Copy each line below exactly as it appears. Pictures are to be omitted.

> _Data section_
----

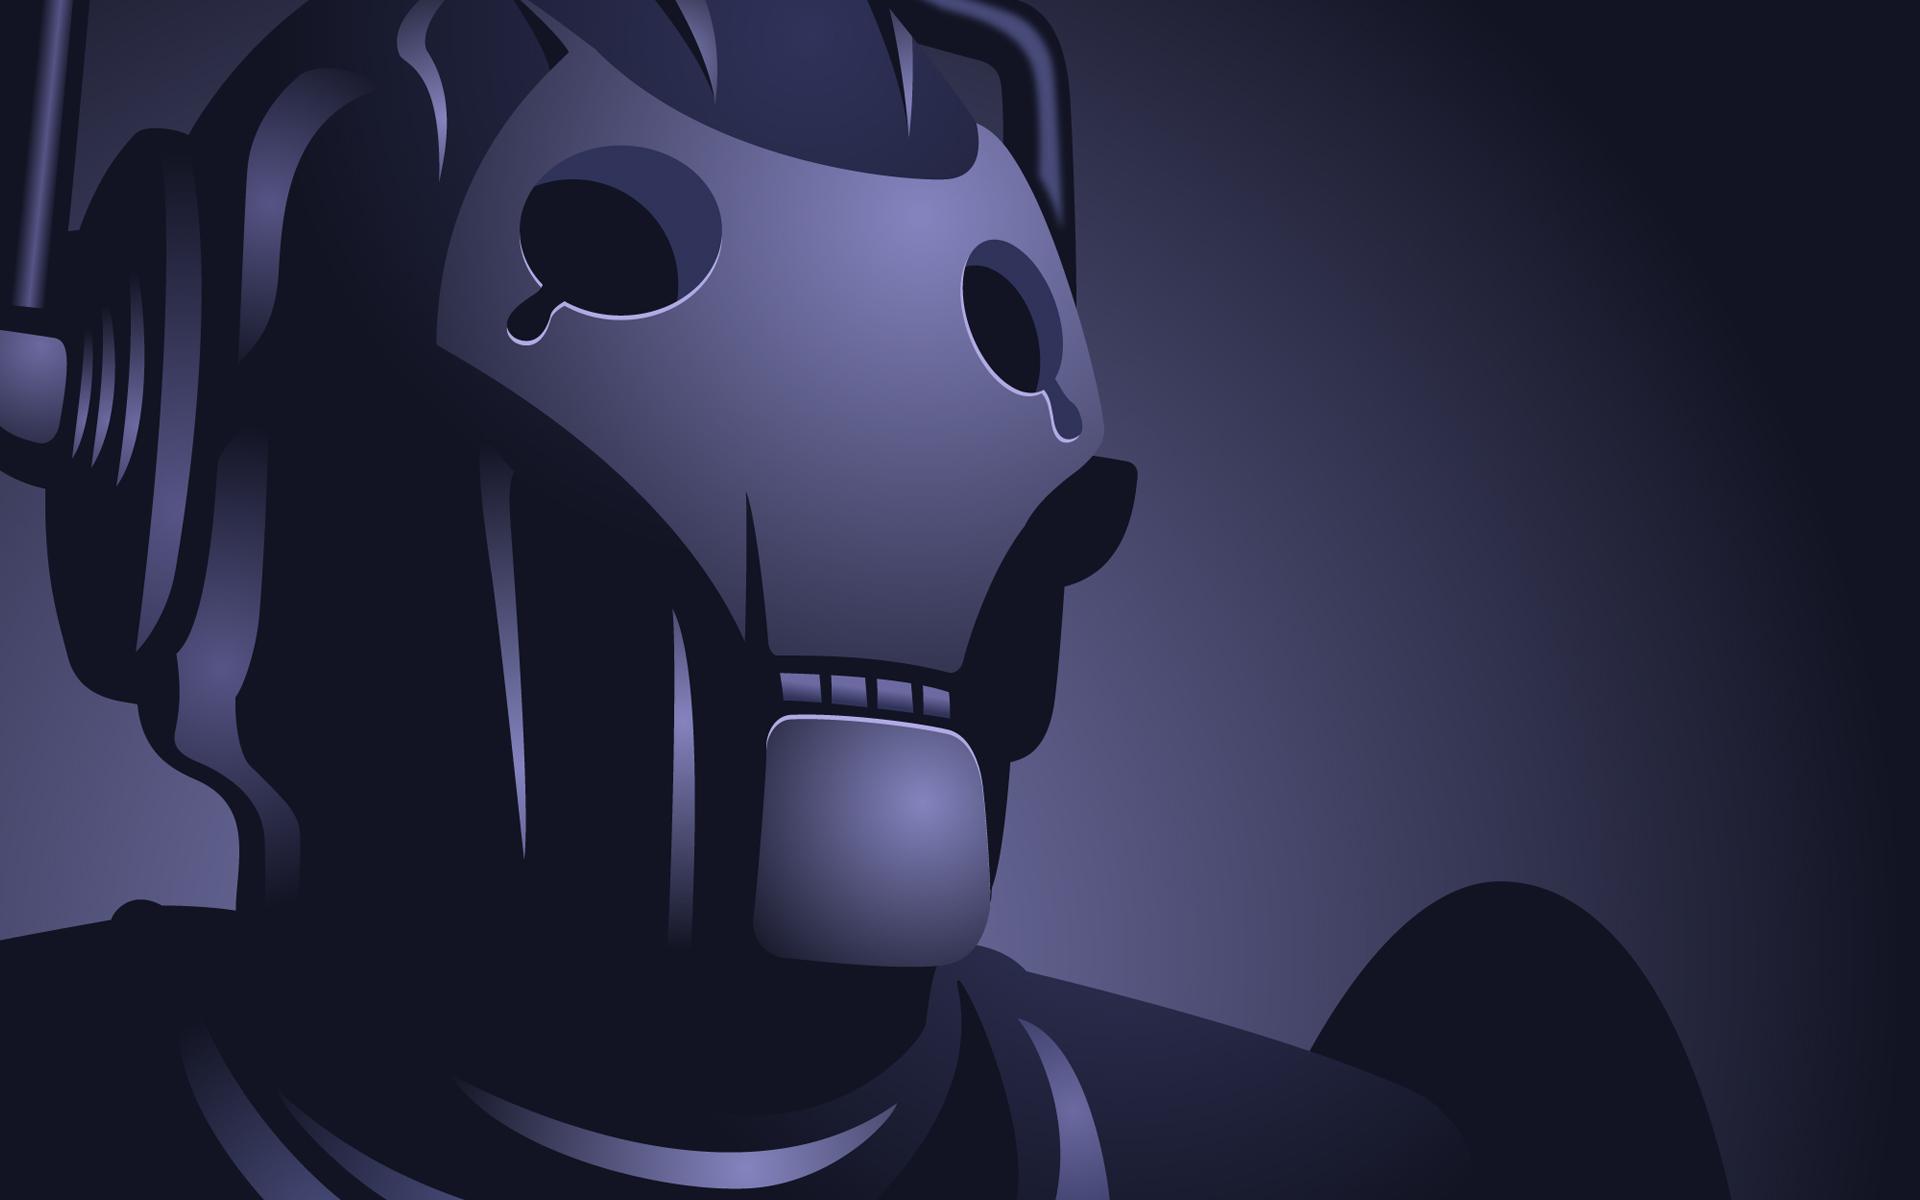 Cool Robot Wallpaper - WallpaperSafari
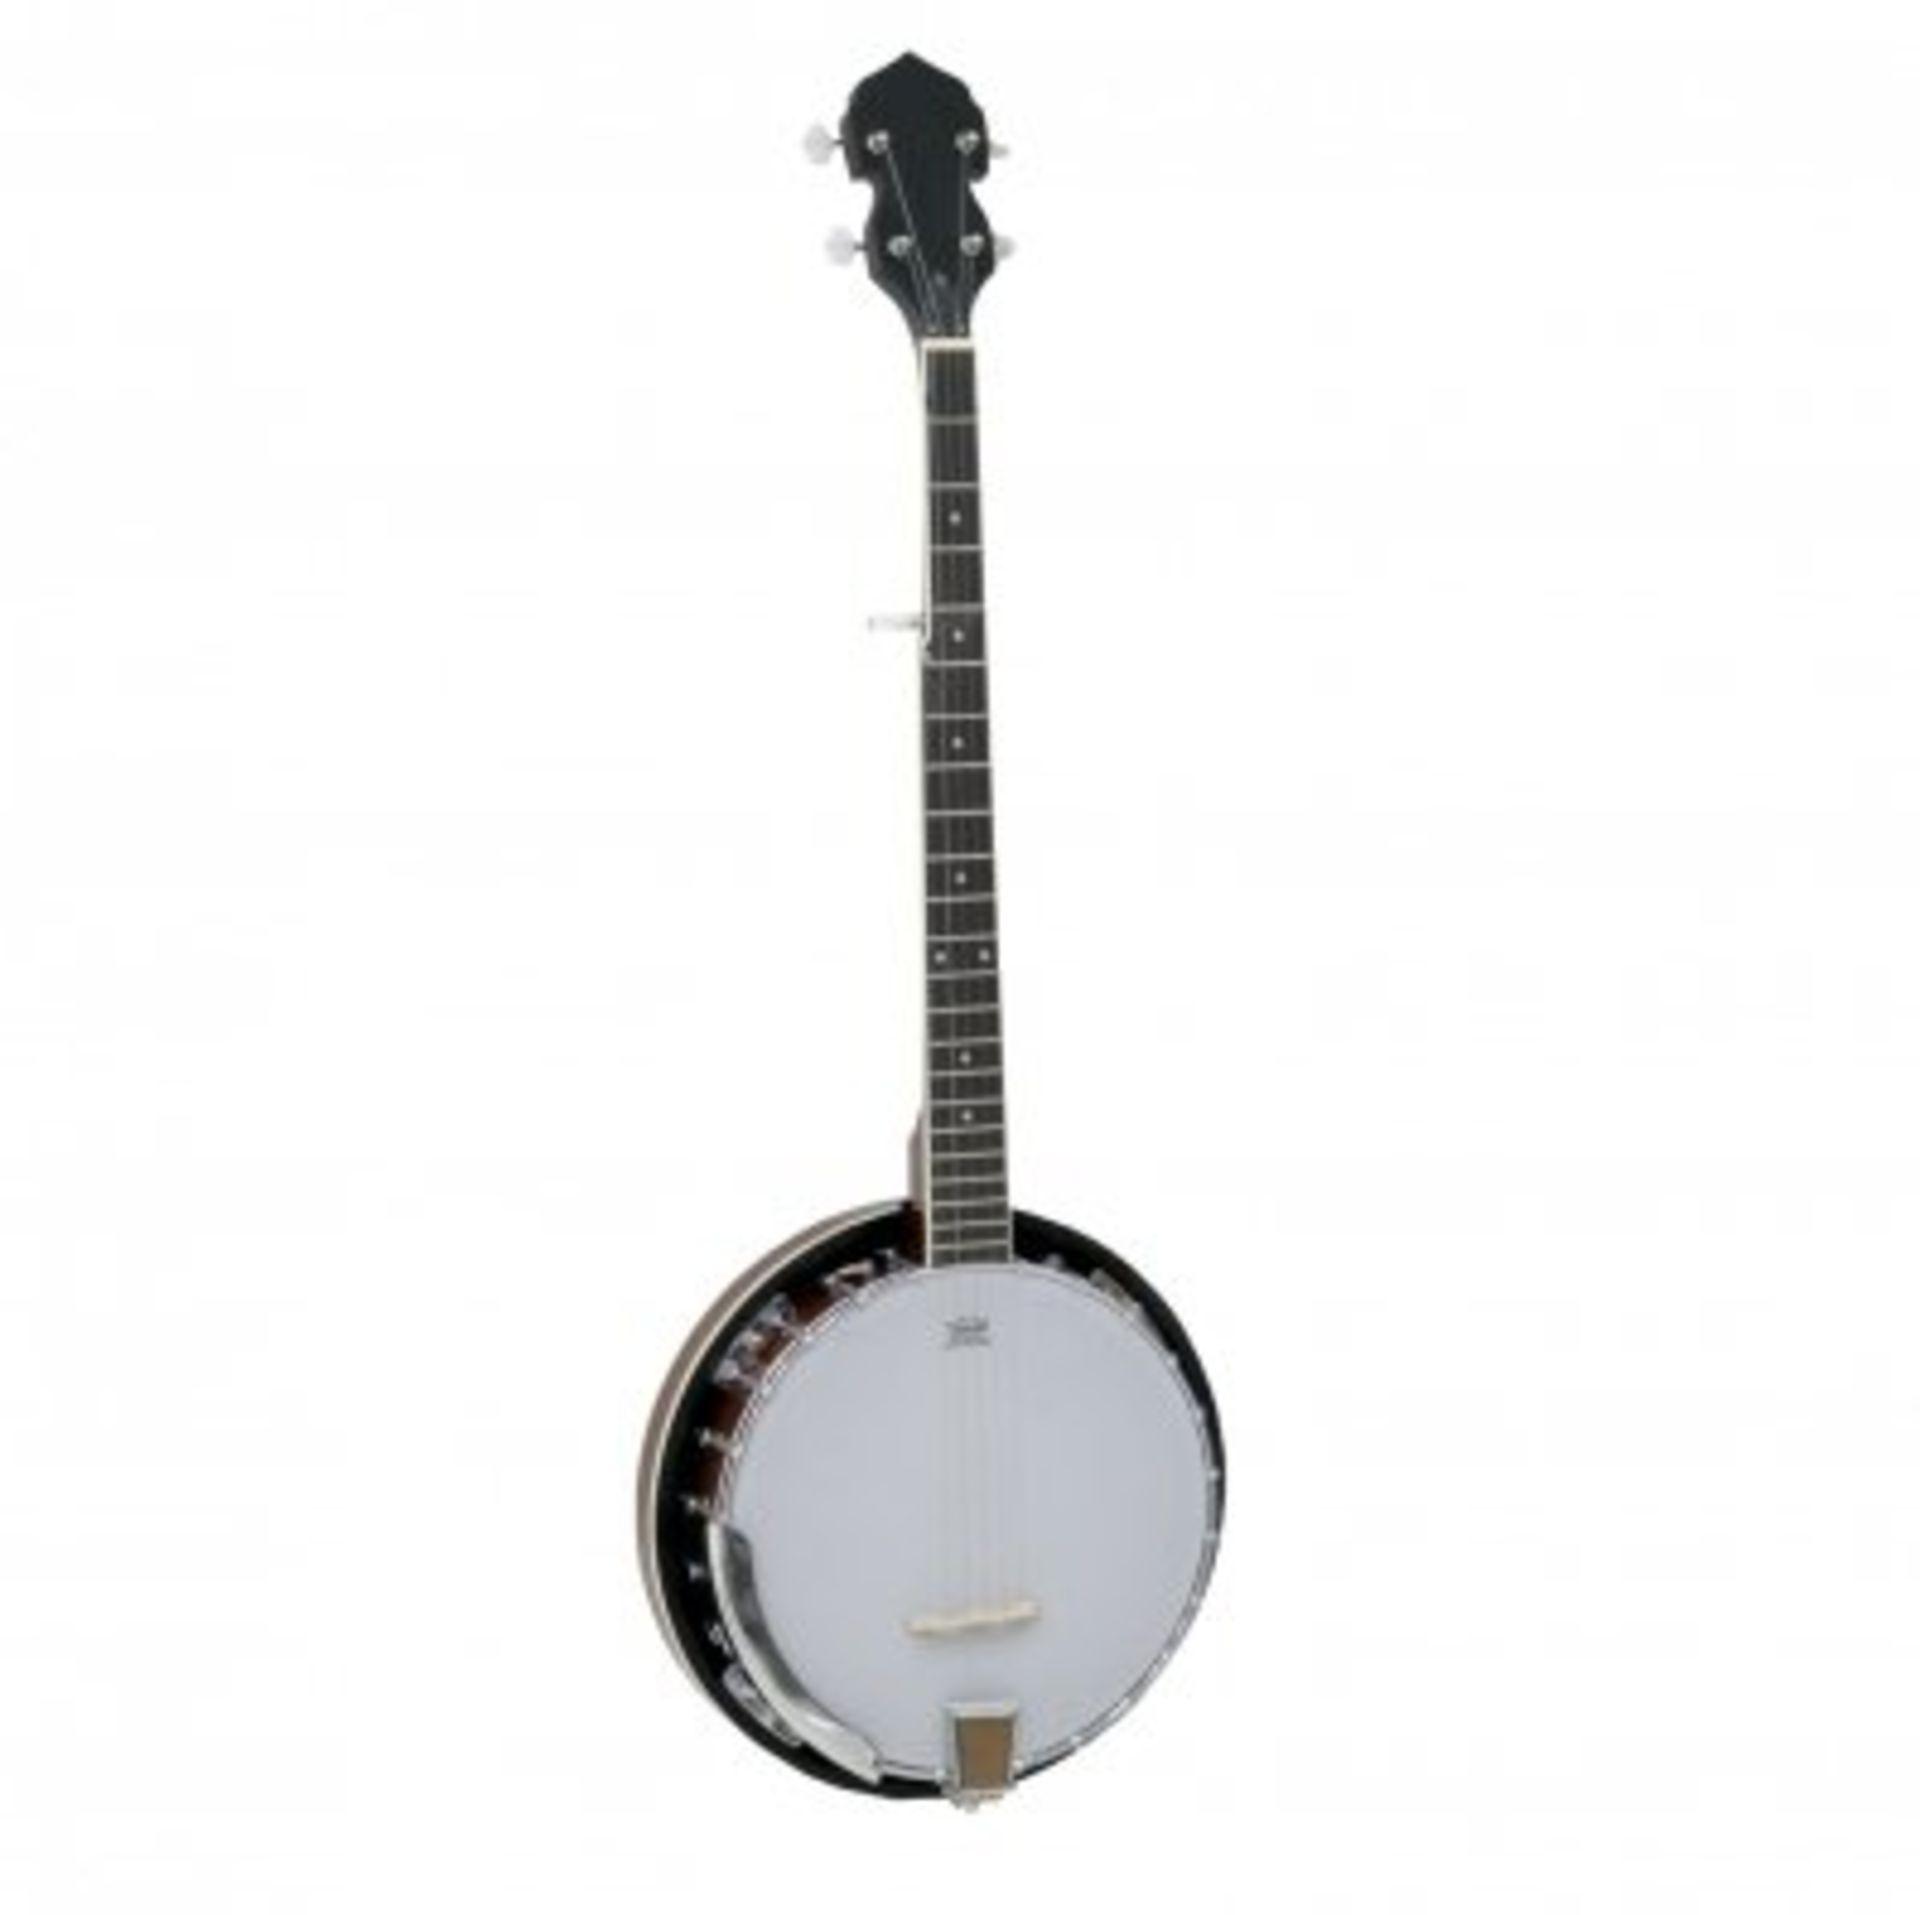 Lot 74 - (RU45) 5 String Bluegrass Banjo with Remo Skin The 5 string bluegrass banjo is great looking...
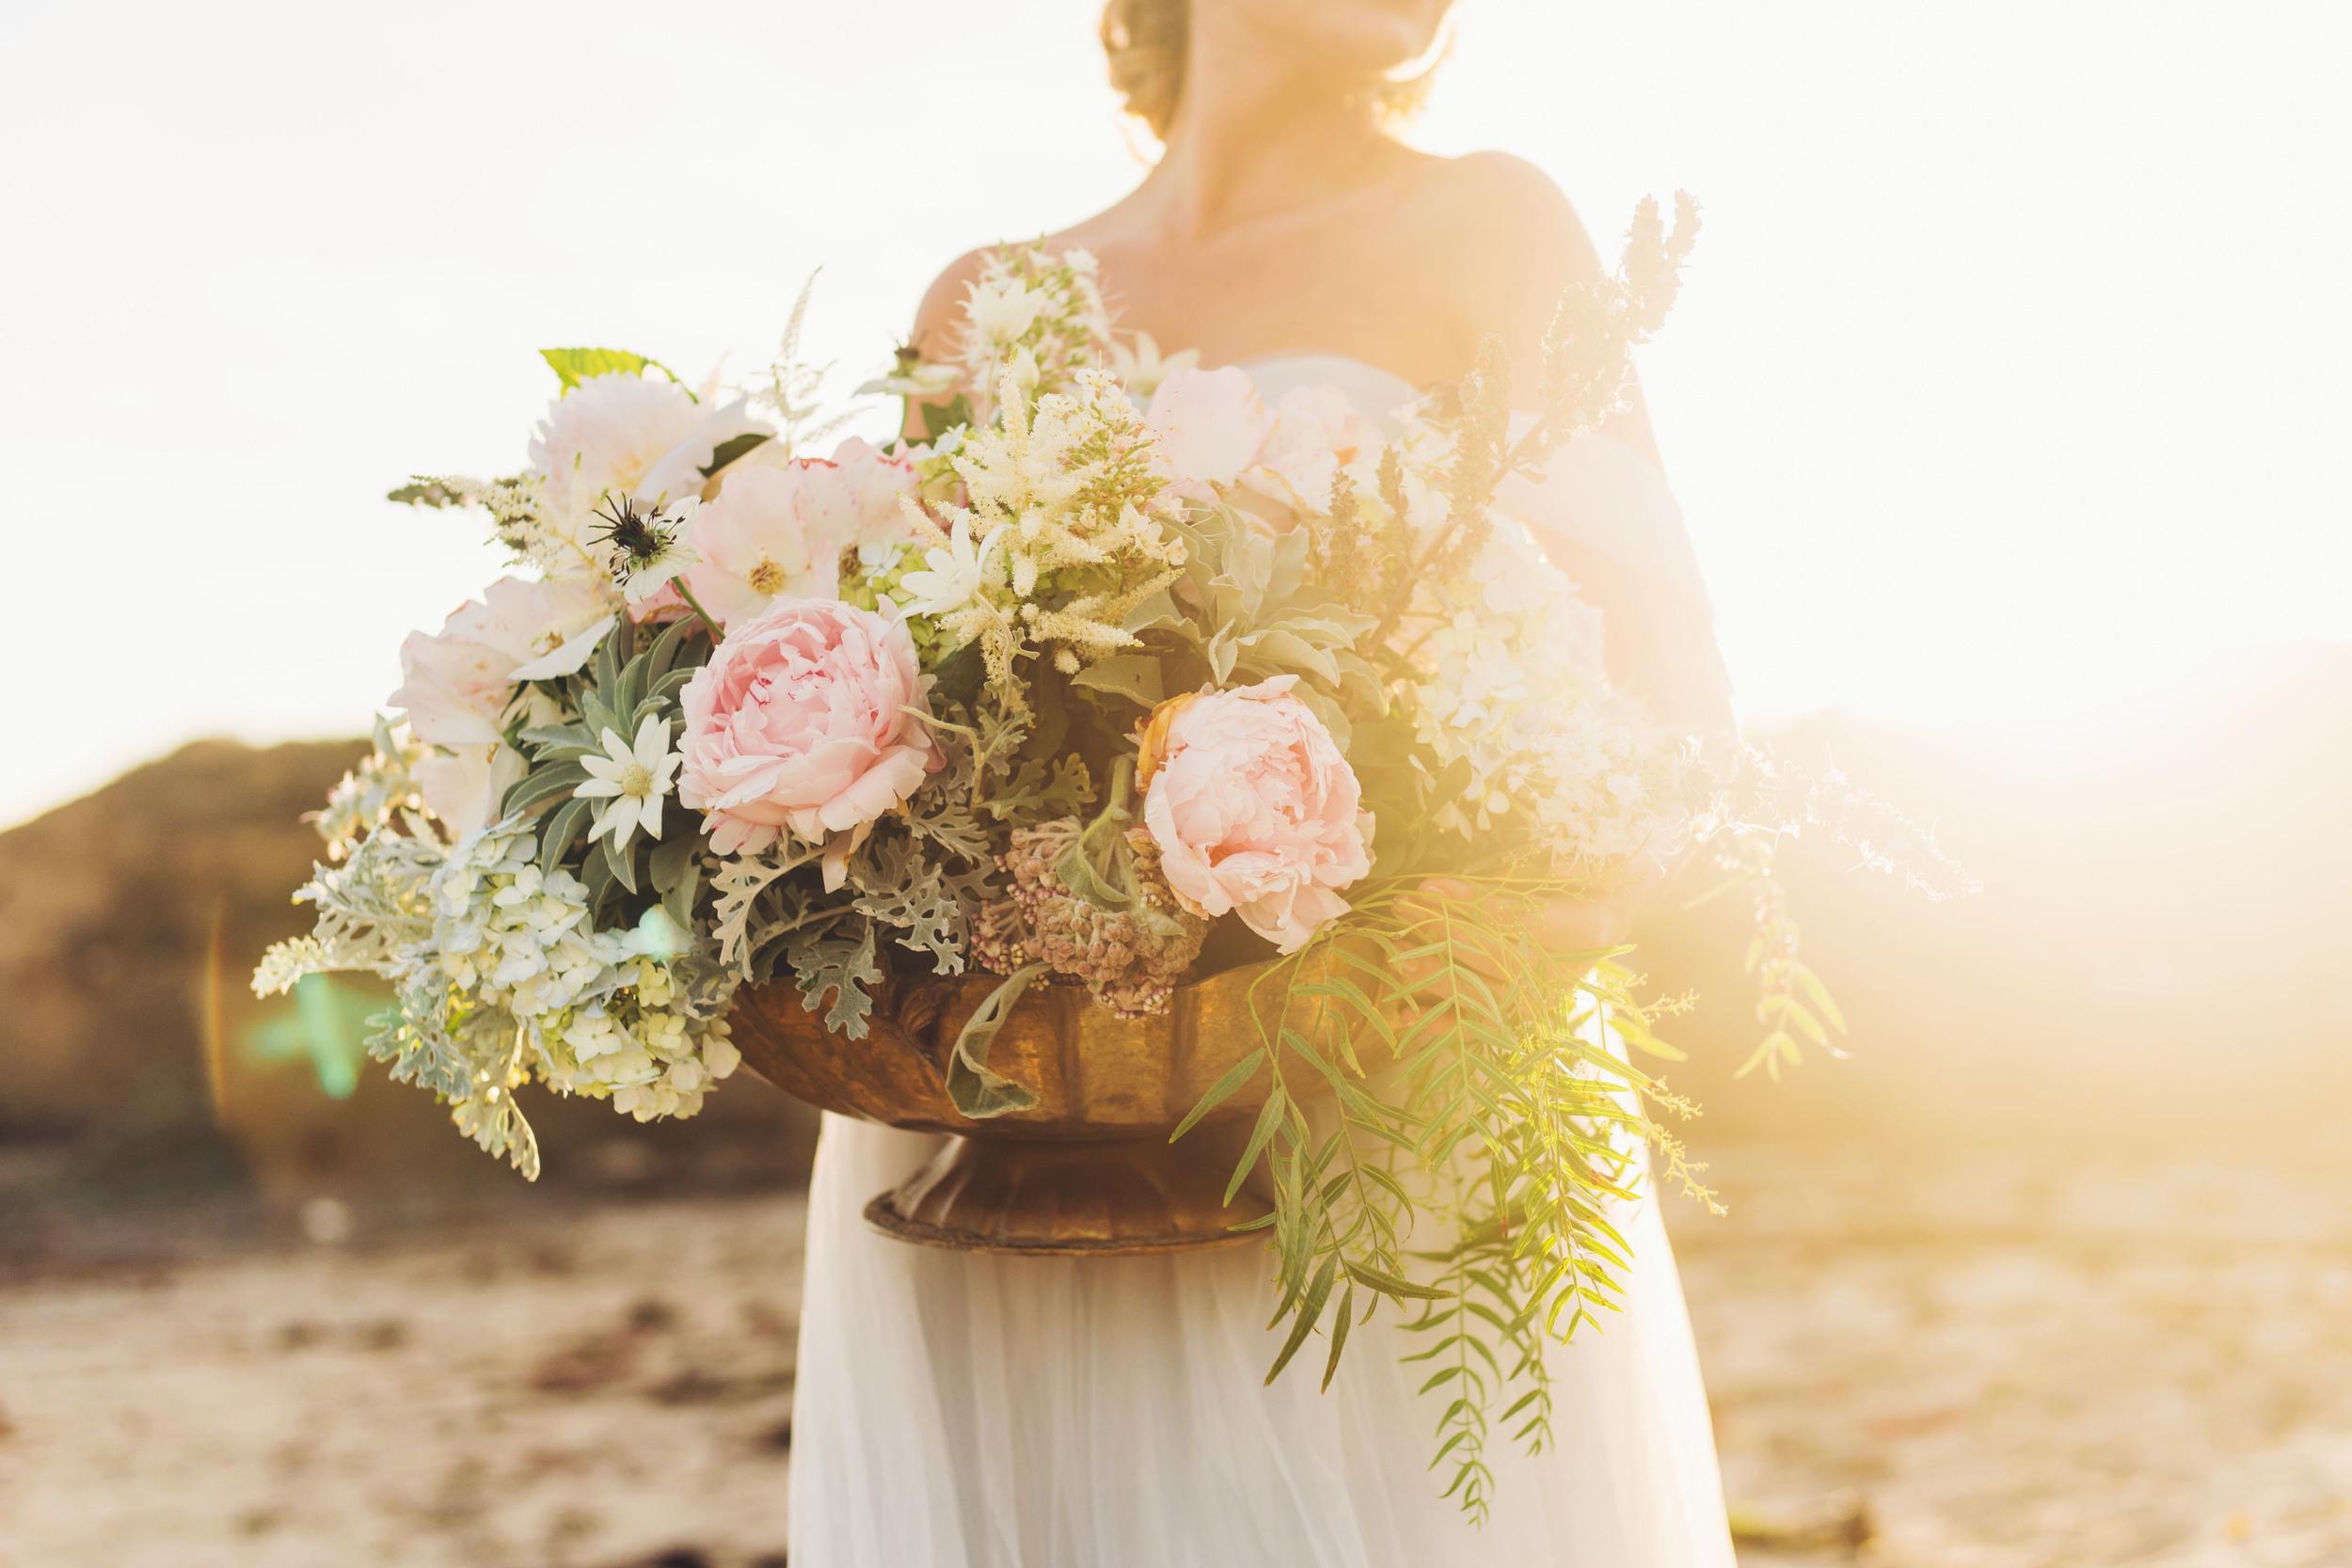 Flower arrangment with Peonies, Hydrangeas, Jasmine

----

> _Exercise output_
 Cool Robot Wallpaper - WallpaperSafari
 Lot 74 - (RU45) 5 String Bluegrass Banjo with Remo Skin The 5 string bluegrass banjo is great looking...
 Flower arrangment with Peonies, Hydrangeas, Jasmine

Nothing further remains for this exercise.